In the second of our ‘Introducing…’ series we meet Sue Simonds, our new Head of Wellness who explains why purposeful activities and social interaction are so important for promoting wellbeing among our residents.
If it’s a good time, good health and a sense of purpose you’re after then Sue Simonds is the person you need to talk to. As our new Head of Wellness it’s Sue’s job to provide a stimulating, social and creative environment at Lynwood Village.
Sue Simonds, Head of Wellness at Lynwood Village
“We want to promote independence and wellbeing for all, using the first class – and they really will be amazing – facilities at Lynwood Village,” Sue explains. “We will create recreational interests and hobbies that maintain physical and mental self-worth by planning enjoyable events throughout the year.”
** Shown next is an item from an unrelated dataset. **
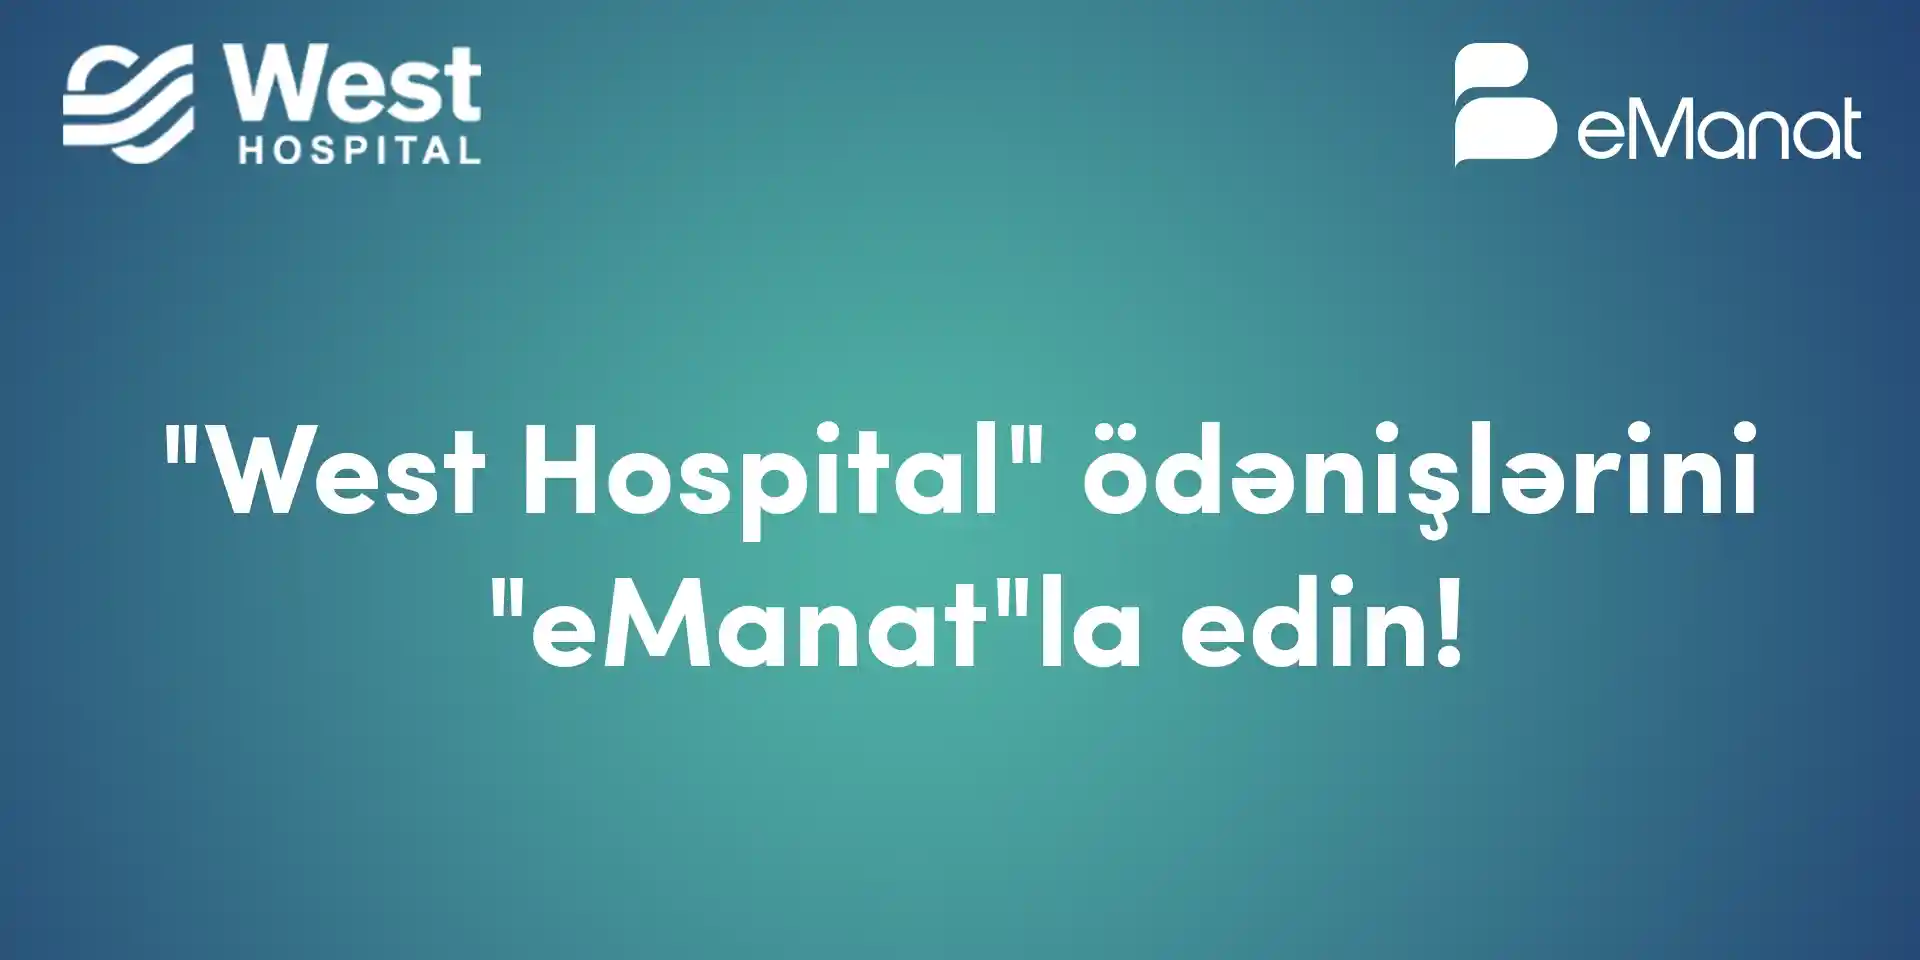 <b>West Hospital ödənişləri eManatda!</b>

The kind of events Sue organises include bringing in entertainers and speakers, trips out to restaurants, the theatre and local places of interest, classes in cake decorating, computer lessons, competitive sports leagues such as bowling, book clubs, arts and crafts, casual get-togethers with tea and cake and many more.
“We will provide opportunities to go out, we’ll bring the outside in and create opportunities to learn new things. We’ll involve families and the local community to give residents a sense of purpose, somewhere they need to be. It’s too easy to sit in and not socialise and this can have a detrimental effect on your wellbeing. It’s my job to provide a broad range of opportunities so that there’s something for everyone.”
Sue’s career spans time in the travel industry followed by a move into care work to fit in with family commitments and she now has 20 years’ experience working in care. A natural flair for organising activities led to Sue’s appointment as Activities Manager for Glebelands, a care home run by the Cinema and Television Benevolent Fund in Wokingham.
“There’s never a day I don’t want to go to work,” said Sue. “I have the opportunity to improve peoples’ quality of life and the families of the residents I work with are so happy with what we do for them, it’s wonderful.
“Once there was a lady in my care who was blind. I encouraged her to spend time with the activities team and over time and with our help she joined in as everyone else did,” Sue explains. “She said that when she was with the activities team she felt that she could see. I was able to make a difference to that lady by promoting her independence, removing barriers and making her feel good about herself. That’s what we want to offer Lynwood Village residents.
“I think the idea of a village community is fantastic. People will be safe, there will be lots going on and there’s help at hand whenever they need it. This is how it should be in retirement!”